HPD Chief Harold Hurtt said, "(They're) as reliable as human beings are, I guess."

There are also the cases where the coding of the crimes itself is questionable. Including one case in which a suspect was charged with sexual assault, but HPD coded it as robbery because the suspect took the woman's cell phone.

Marinelle Timmons runs the victims' assistance center, and she wonders how many more miscoded cases there are we just don't know about.

"You wonder if there wasn't a thorough enough investigation on their part, to where they felt they could back a more serious charge or if there's some other reason," she mused.

Chief Hurtt admitted, "That's always a possibility (that some of the crimes that are reported aren't coded correctly.) We deal with thousands and thousands of cases each year."

Eyewitness News also found 20 charged aggravated assaults that HPD coded as lesser crimes. While coding a crime is not a science, there are the Uniform Crime Reporting guidelines, called UCR, which tell officers to code the most serious crime if more than one is committed.

Are they always doing that? Is the reporting consistent? Without HPD statisticians answering our questions about specific cases, it's hard to know. Chief Hurtt says he's already talked about that with the FBI director regarding all police departments.

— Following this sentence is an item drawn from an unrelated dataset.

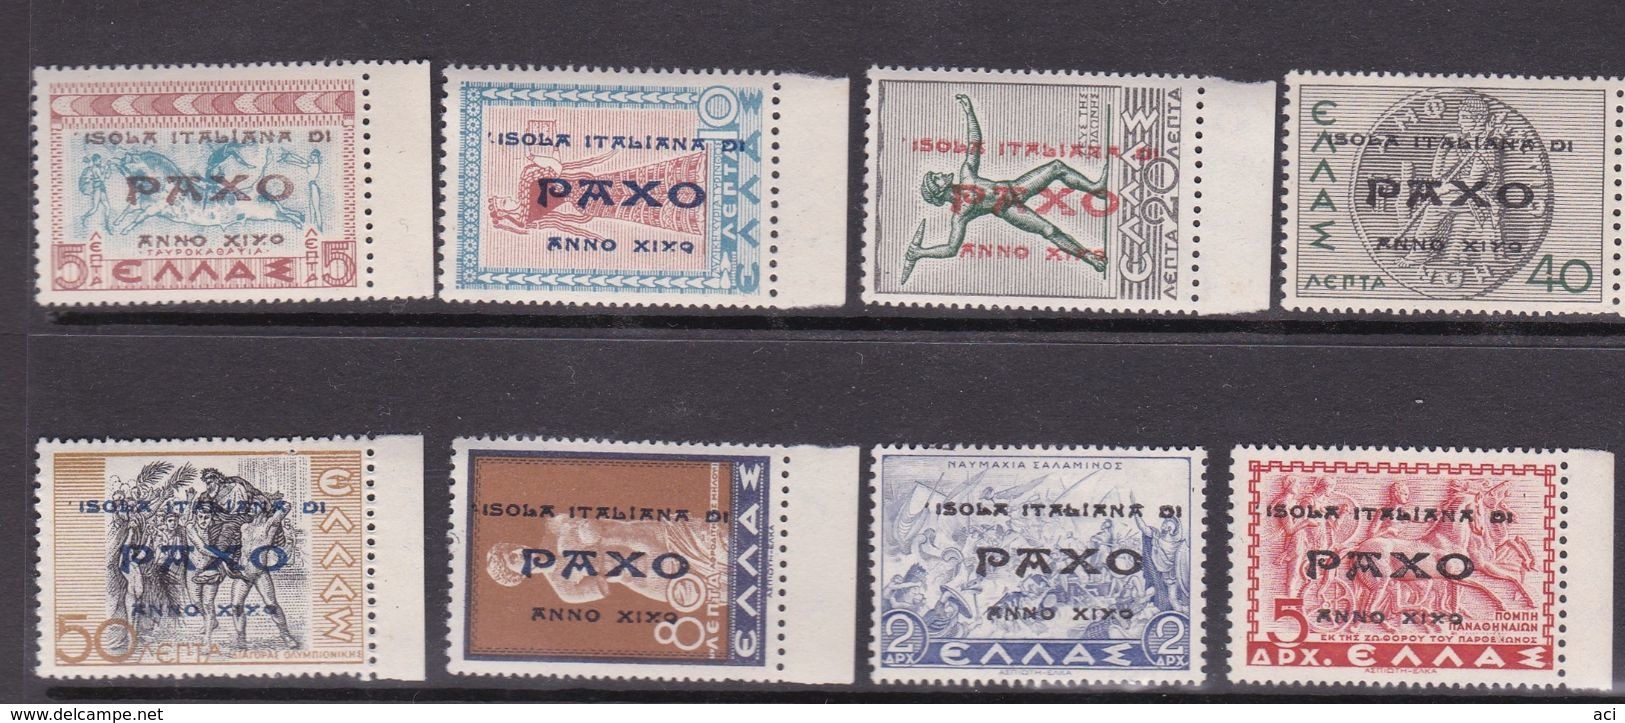 Italy-WW II Occupation-Isole Ionie, Paxos S 1-8 1942 Greek Stamps Overprinted, MNH - Isole Ionie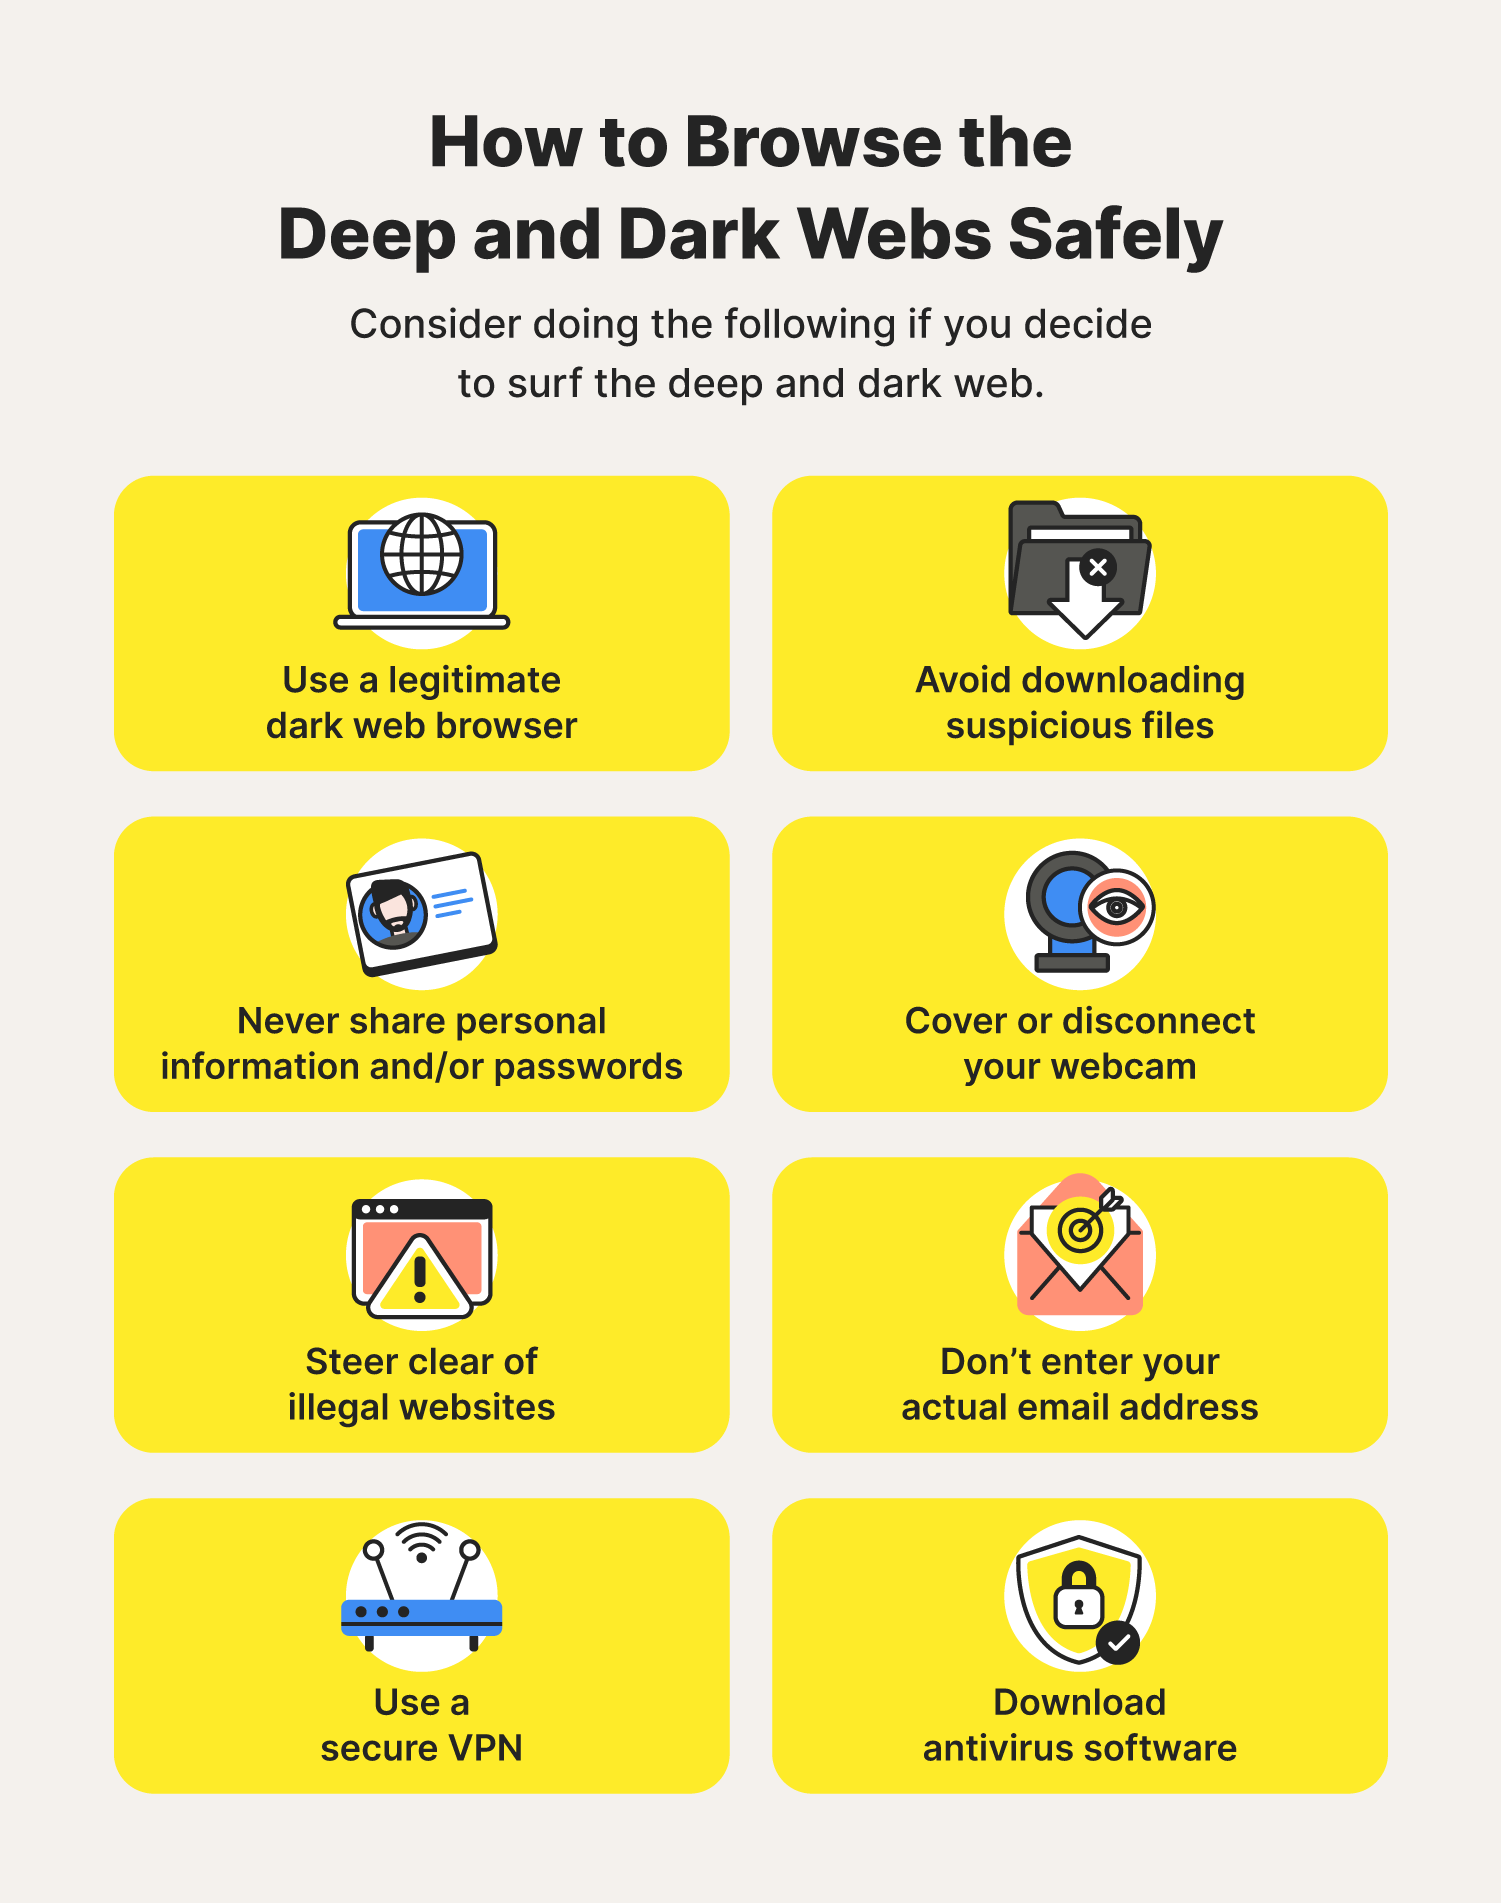 how to browse deep and dark webs safely

"We need to look at the process of UCR to make sure that the facts we are giving out are as accurate as possible," Chief Hurtt said.

We also asked HPD for the public information portion of the police report on Officer Dargin. The department wouldn't give it to us, claiming it's part of an internal affairs investigation. It's now up to the attorney general to decide.

Chief Hurtt says he supports changing the crime reporting method for police departments across the country. The current system accounts for only the most serious crimes if more than one is committed. The nation incident based reporting system accounts for each of the crimes -- and makes the stats more accurate.